## Supplied records
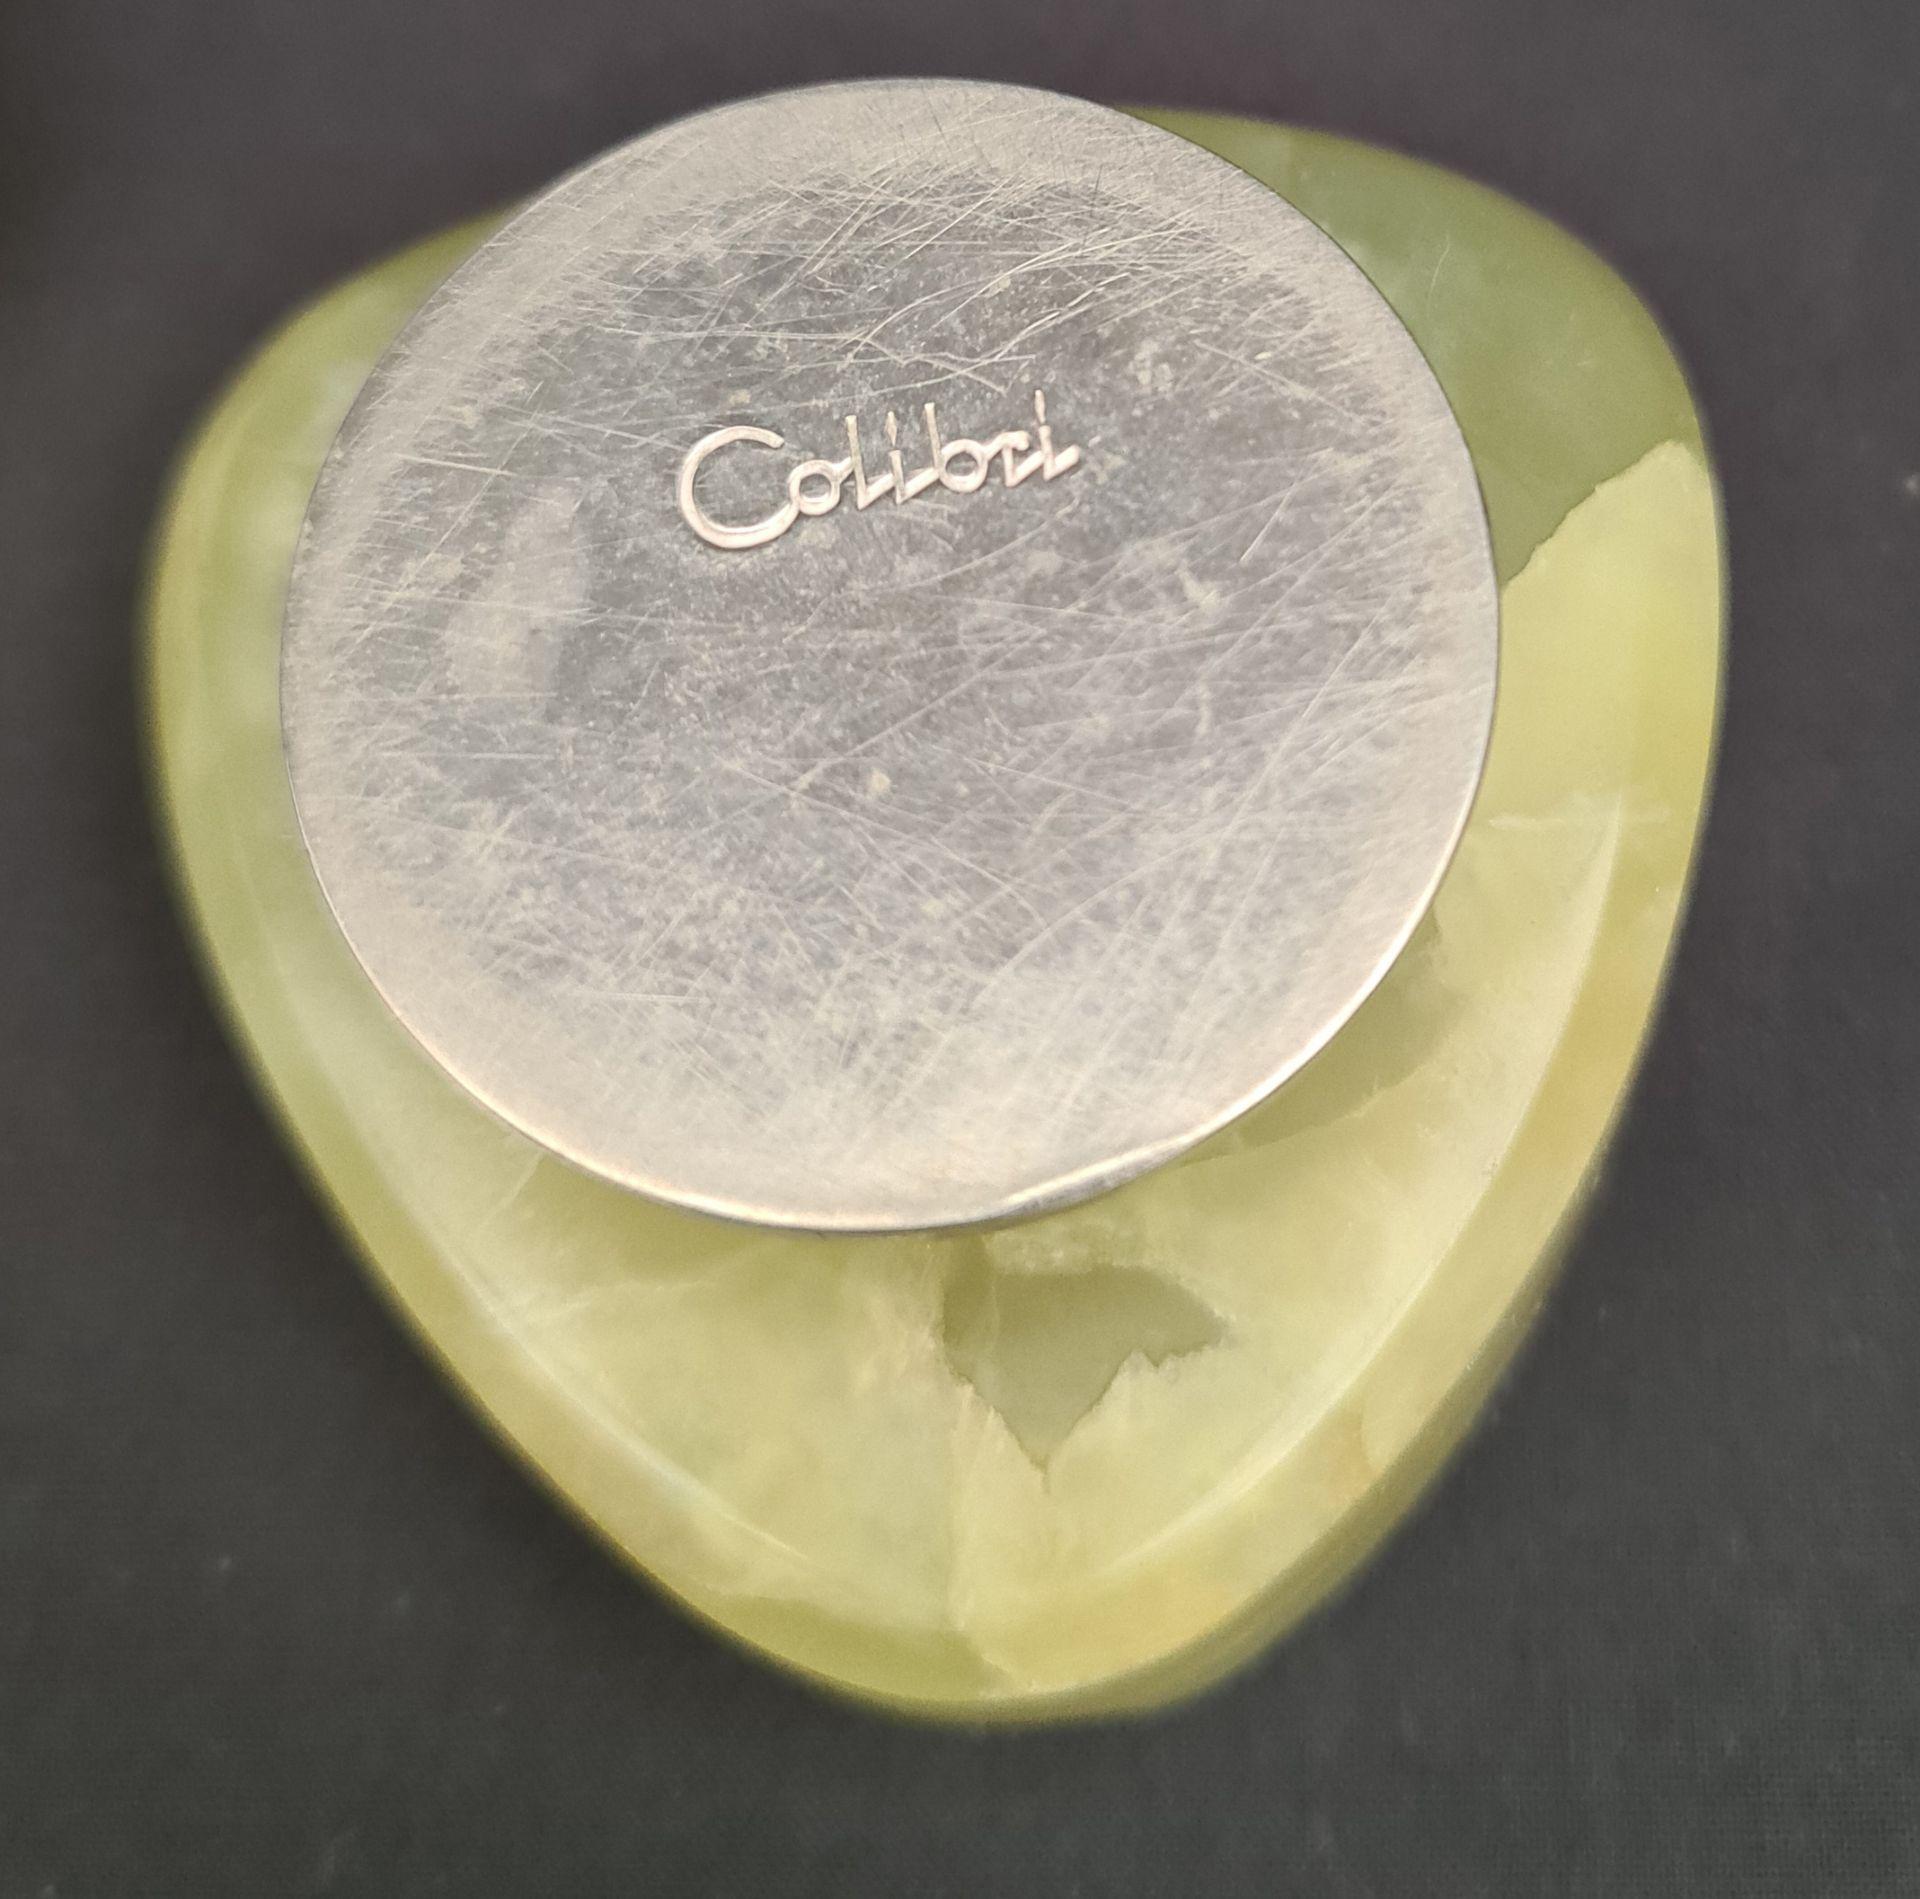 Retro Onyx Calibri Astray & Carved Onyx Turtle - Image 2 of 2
--
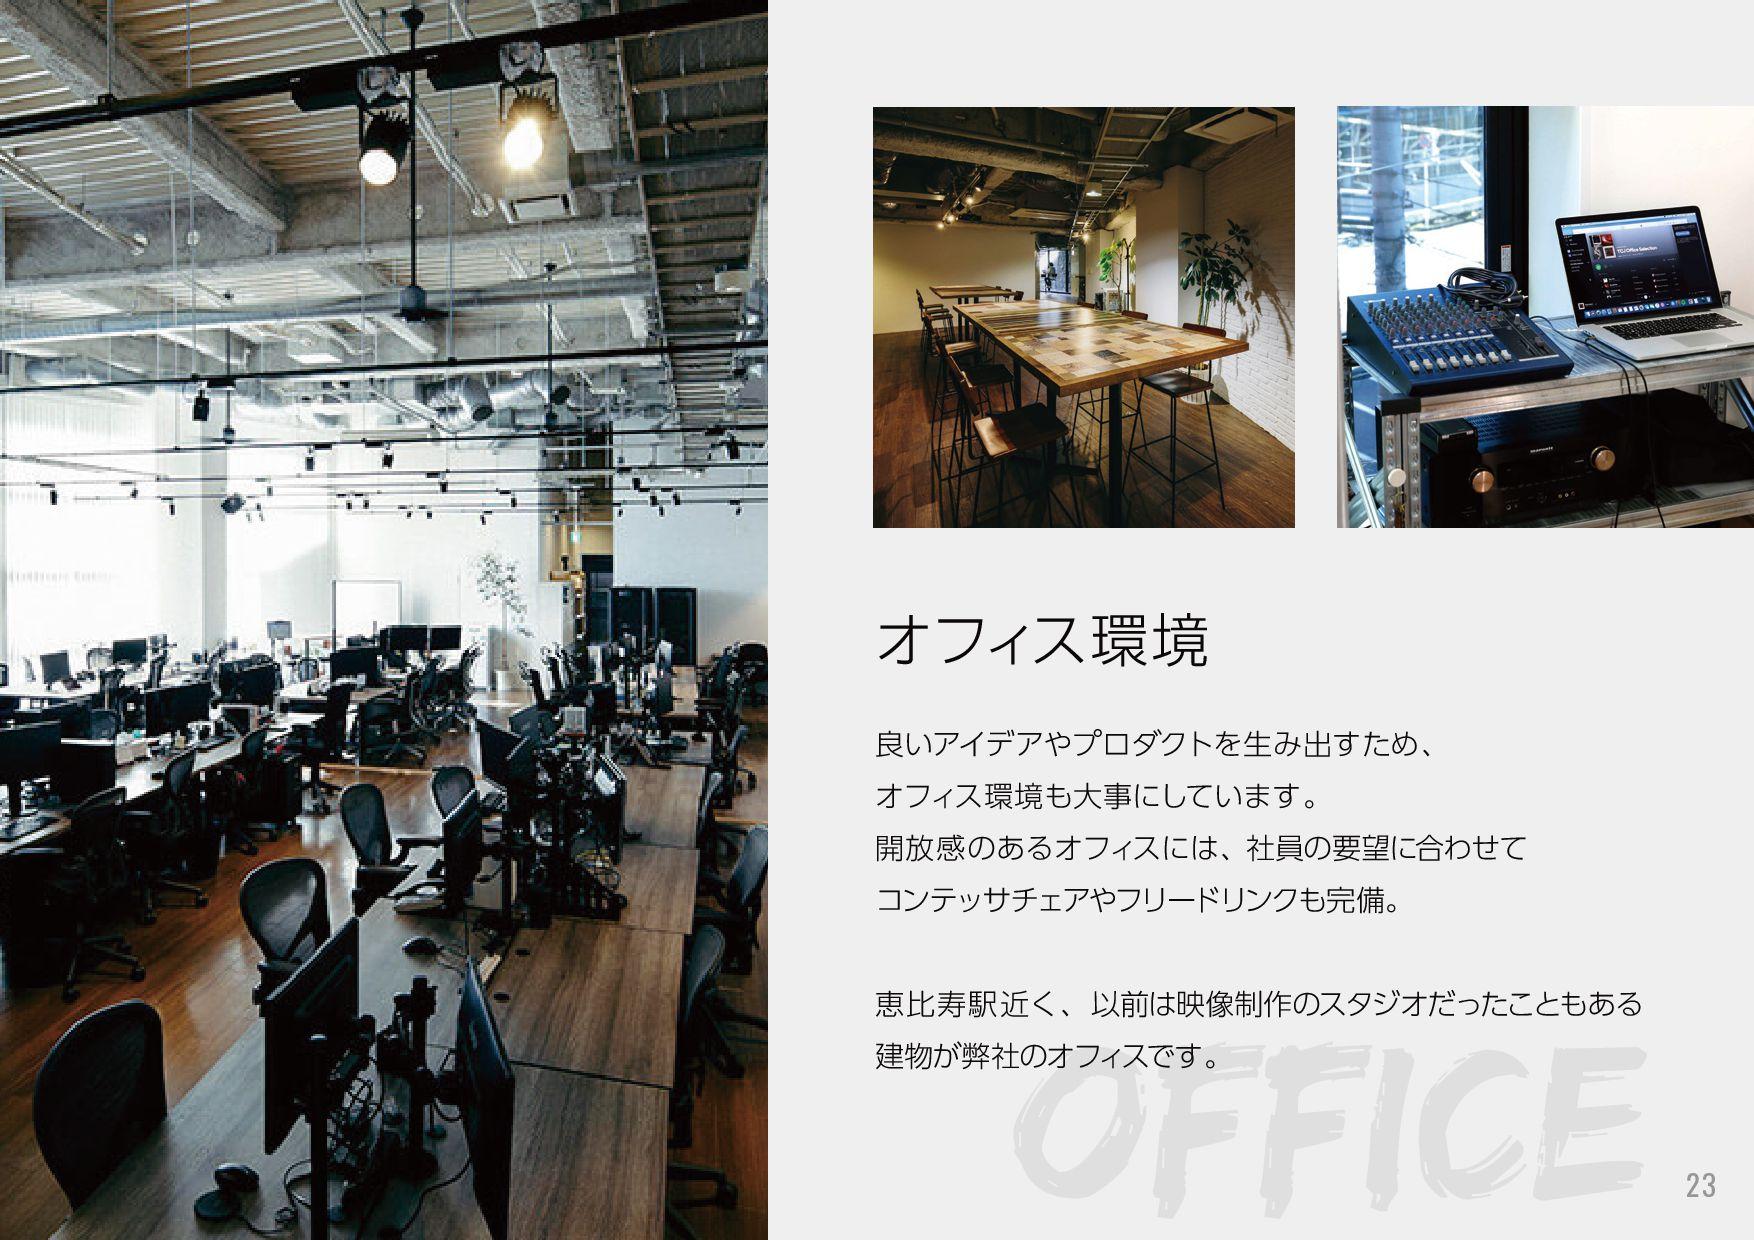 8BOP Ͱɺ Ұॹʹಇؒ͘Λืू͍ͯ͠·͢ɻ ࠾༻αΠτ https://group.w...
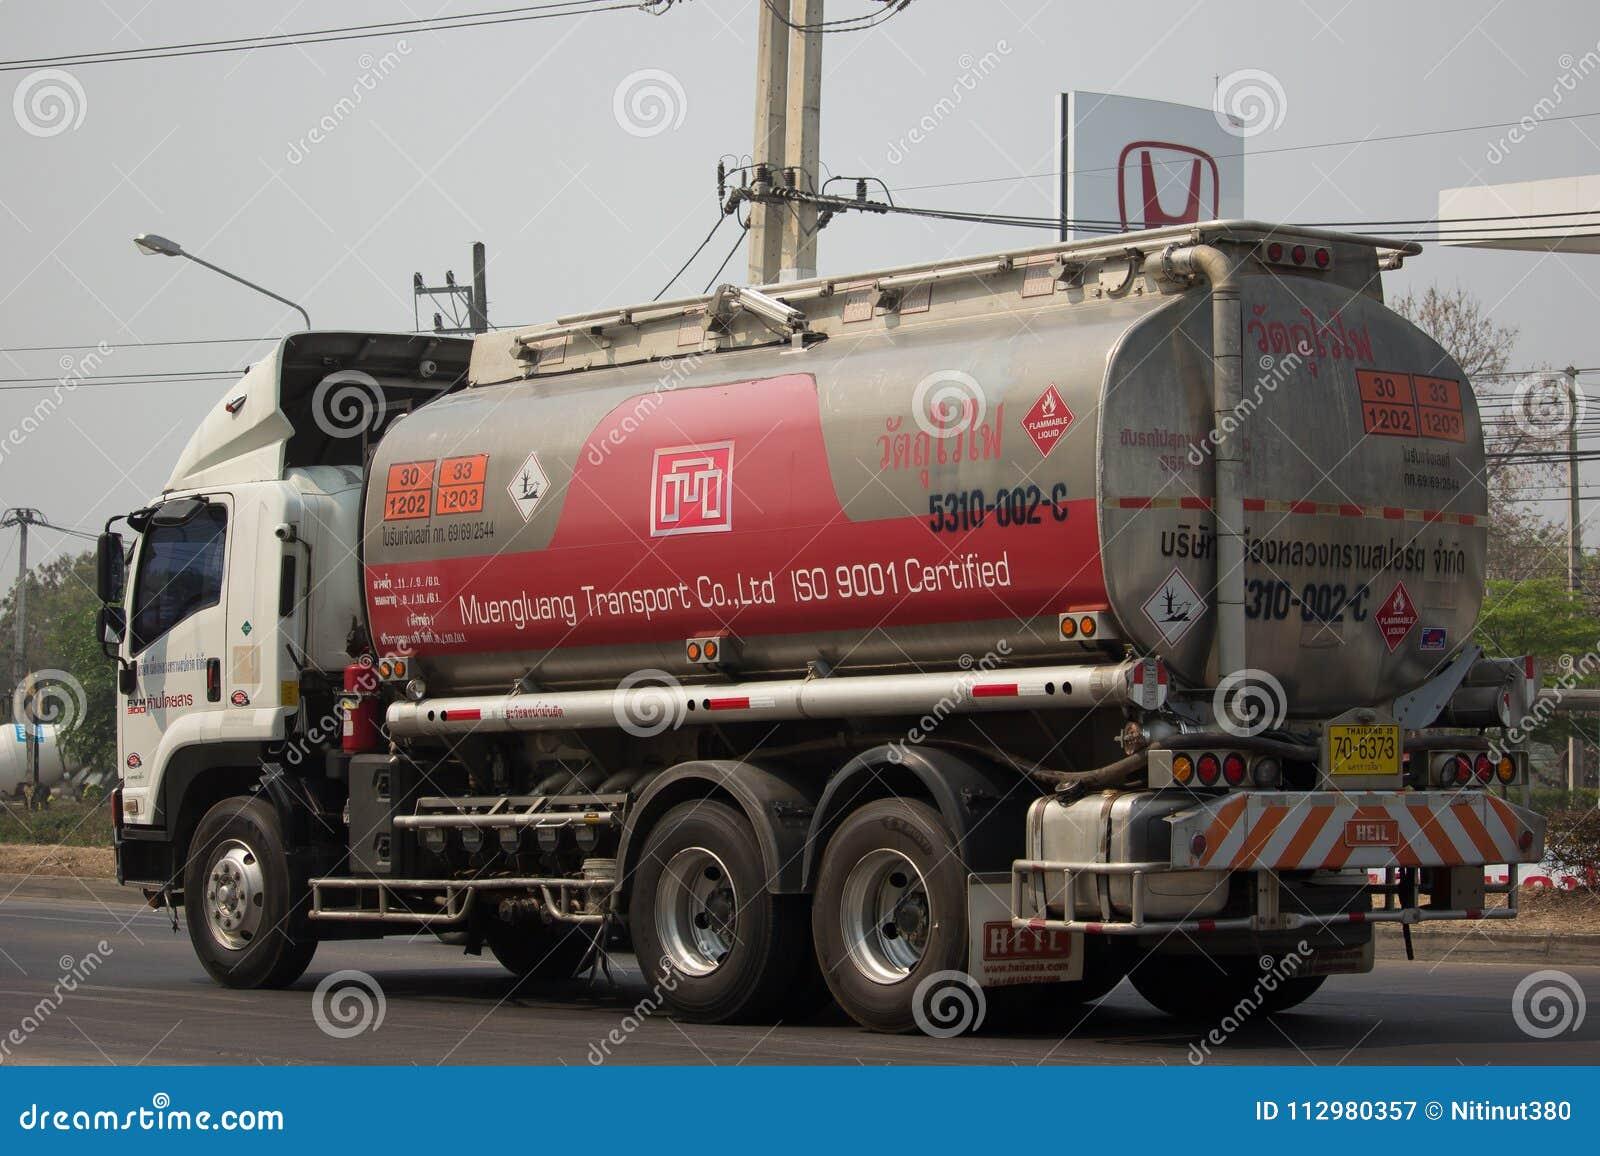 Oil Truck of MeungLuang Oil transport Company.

## Your goal
Return exactly the lines that appear in the data above between the line containing "8BOP Ͱɺ Ұॹʹಇؒ͘Λืू͍ͯ͠·͢ɻ" and the line containing "Oil Truck of", both of which are included, and leave the pictures out.

## Response to this exercise
 8BOP Ͱɺ Ұॹʹಇؒ͘Λืू͍ͯ͠·͢ɻ ࠾༻αΠτ https://group.w...
 Oil Truck of MeungLuang Oil transport Company.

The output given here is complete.